Excellent condition, pictures should speak for themselves. Located in Atlantic County, NJ. This plow is 10 years old. It has been used for light commercial (lots, no roads). Average snowfall here is less than 20" per year, maybe 30" in a good season, used 4-6 times per season. 

Annual fluid changes
Fluid Film'd for lubrication and protection
Shed stored when not used
All fittings protected with grease tape
Electrical connections protected with dielectric grease
Washed and re-lubed after every use
Good cutting edge with clean scrape
Winter Equipment Xtendor Guards installed, extends cutting edge life as well as provides curb protection
New deflector installed this season
Selling plowside only and will include some spare hoses for you. Come pick up or willing to travel an hour or so to help with delivery. You will be hard pressed to find a better piece of used equipment.
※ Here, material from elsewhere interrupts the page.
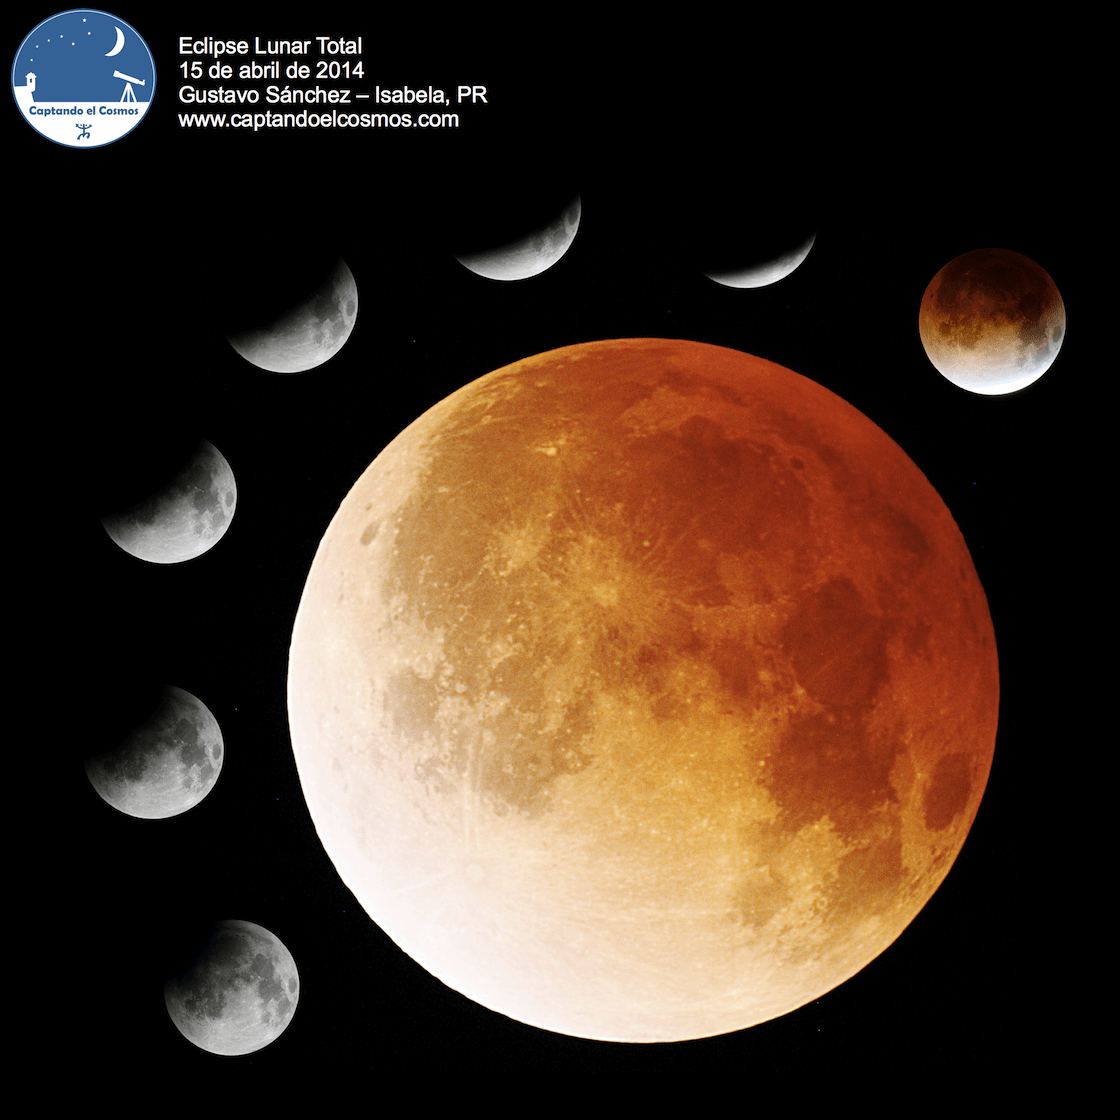 Mosaico de imágenes del eclipse lunar visto desde Isabela, PR. Crédito: Gustavo Sánchez/Captando el Cosmos.

Asking $3,650 OBO.


----------



## captadamnj (Jan 20, 2004)

Giving this a bump up. Had a handful of inquiries, and I will update price based on my conversations with those that have expressed interest. First $3k takes it. You won't find a better piece of equipment at that price. Also making available a controller and receivers. Very good condition receivers for an additional $200 and a like new Western joystick with mounting bracking for $250. Also, if you are outside the approx. one hour I listed but are interested, please reach out, happy to try to work something out for someone if I have to take it a bit further.


----------



## captadamnj (Jan 20, 2004)

SOLD, thank you!


----------